--- SOURCE DATA ---

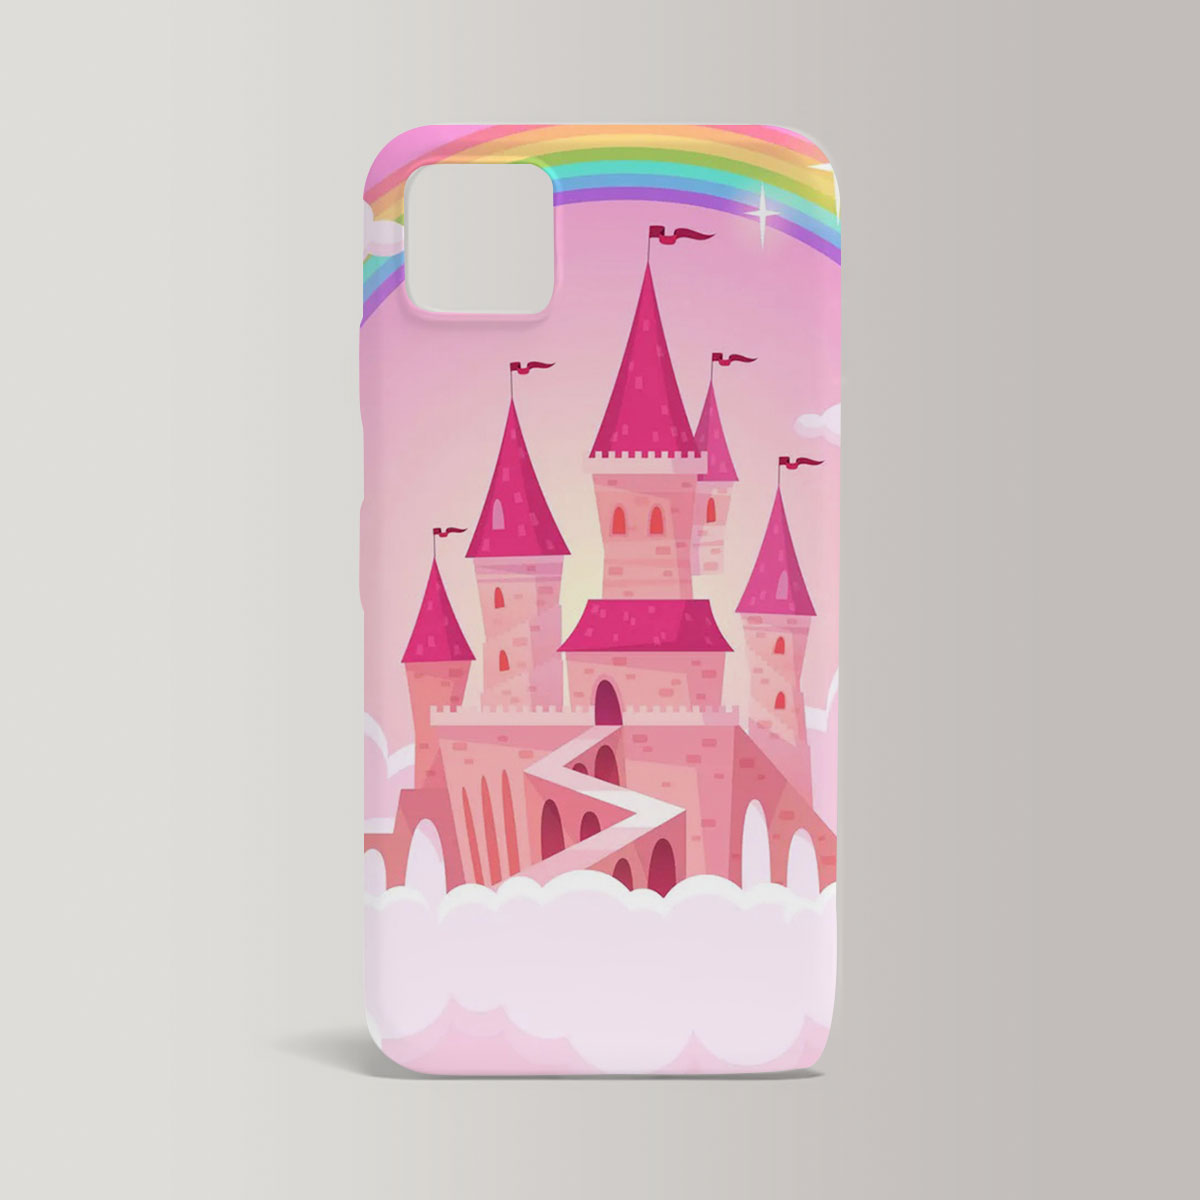 Magic Pink Rainbow Castel Iphone Case
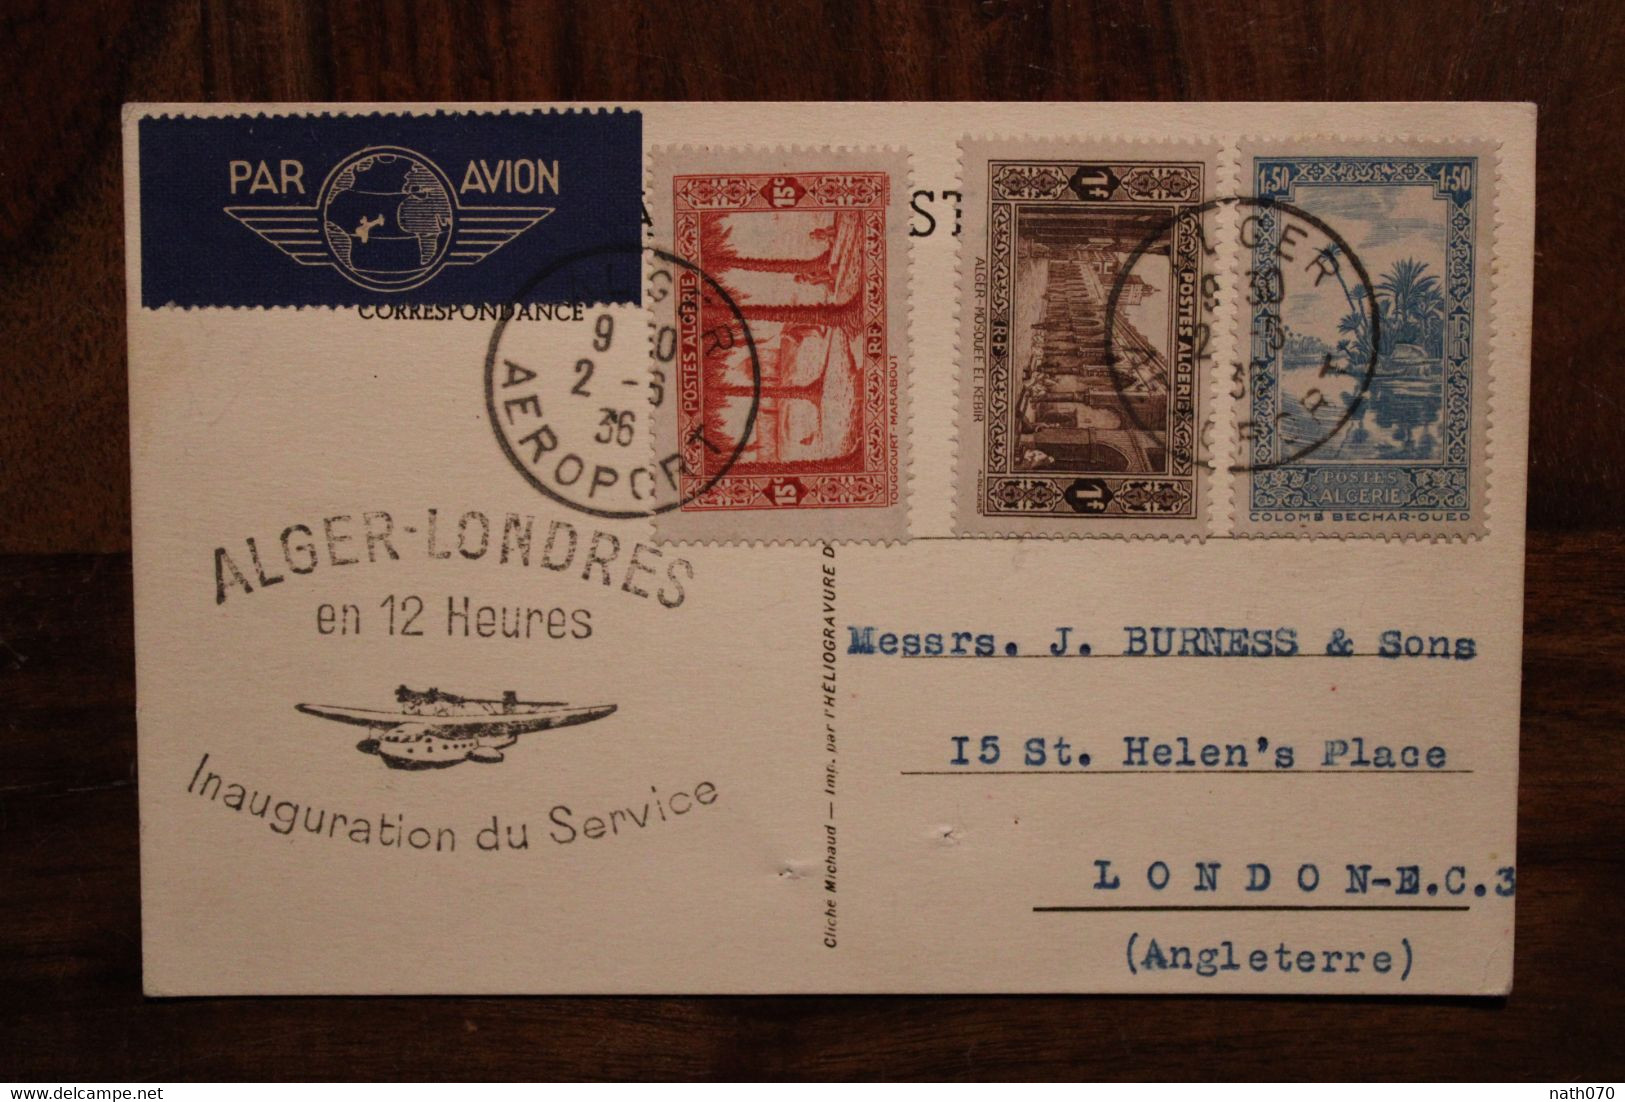 Cpa 1936 Alger Londres En 12 Heures Inauguration Du Service Air Mail Cover Mit Luftpost Par Avion Flugpost Hydravion - Covers & Documents
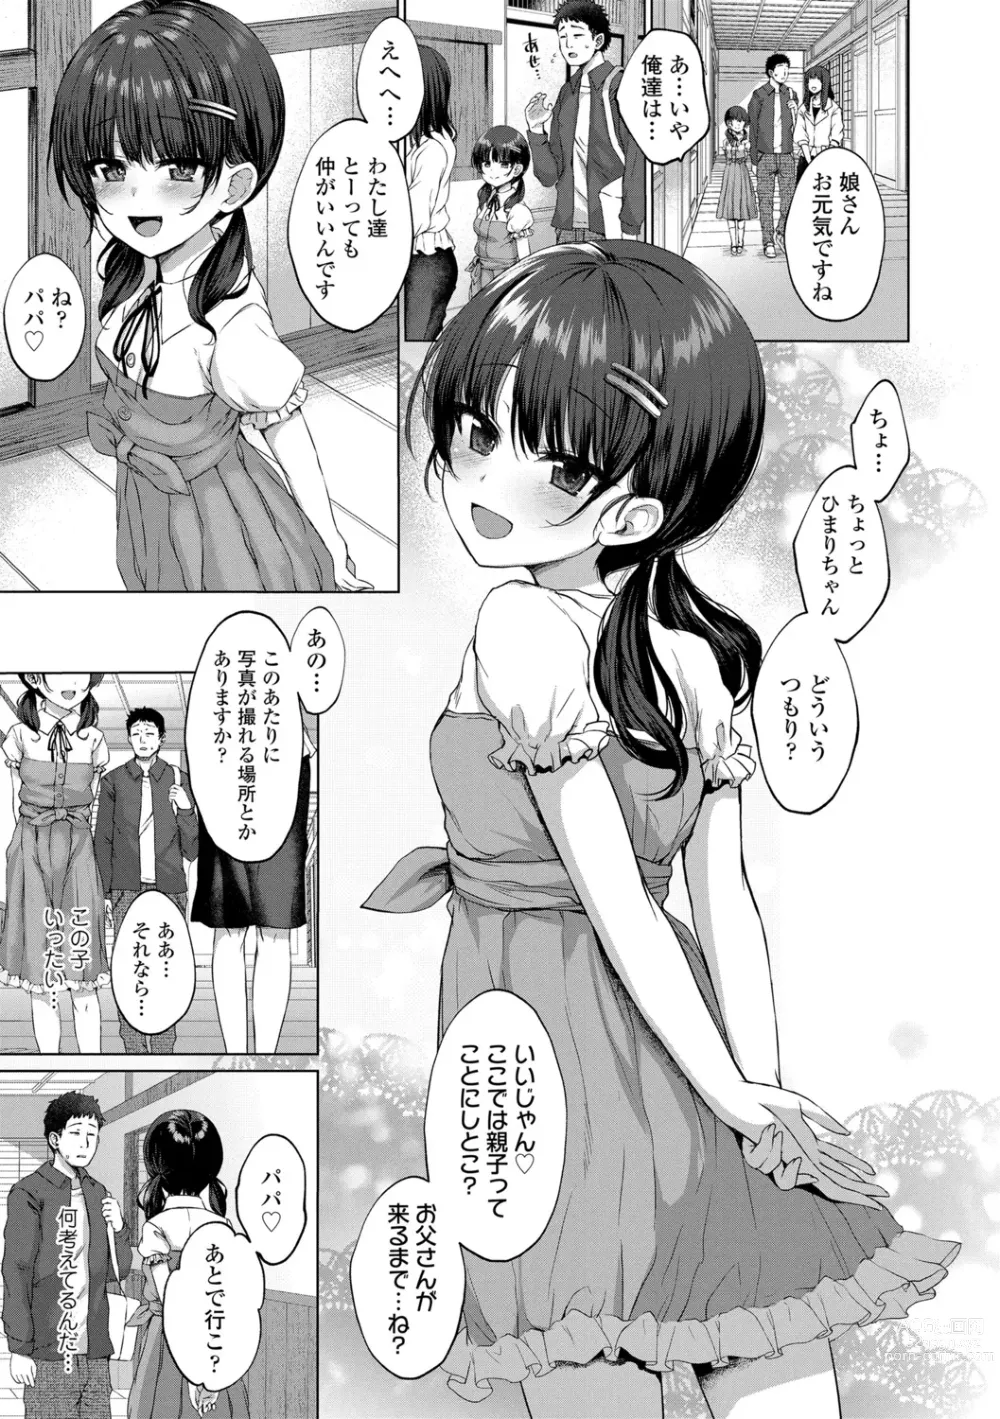 Page 7 of manga Akuma mitai ni kimi wa tatteta

---

_TASK ITEM_: Each line of the data above is to be output exactly; the pictures are not to appear.

_YOUR SOLUTION_:
 Magic Pink Rainbow Castel Iphone Case
 Cpa 1936 Alger Londres En 12 Heures Inauguration Du Service Air Mail Cover Mit Luftpost Par Avion Flugpost Hydravion - Covers & Documents
 Page 7 of manga Akuma mitai ni kimi wa tatteta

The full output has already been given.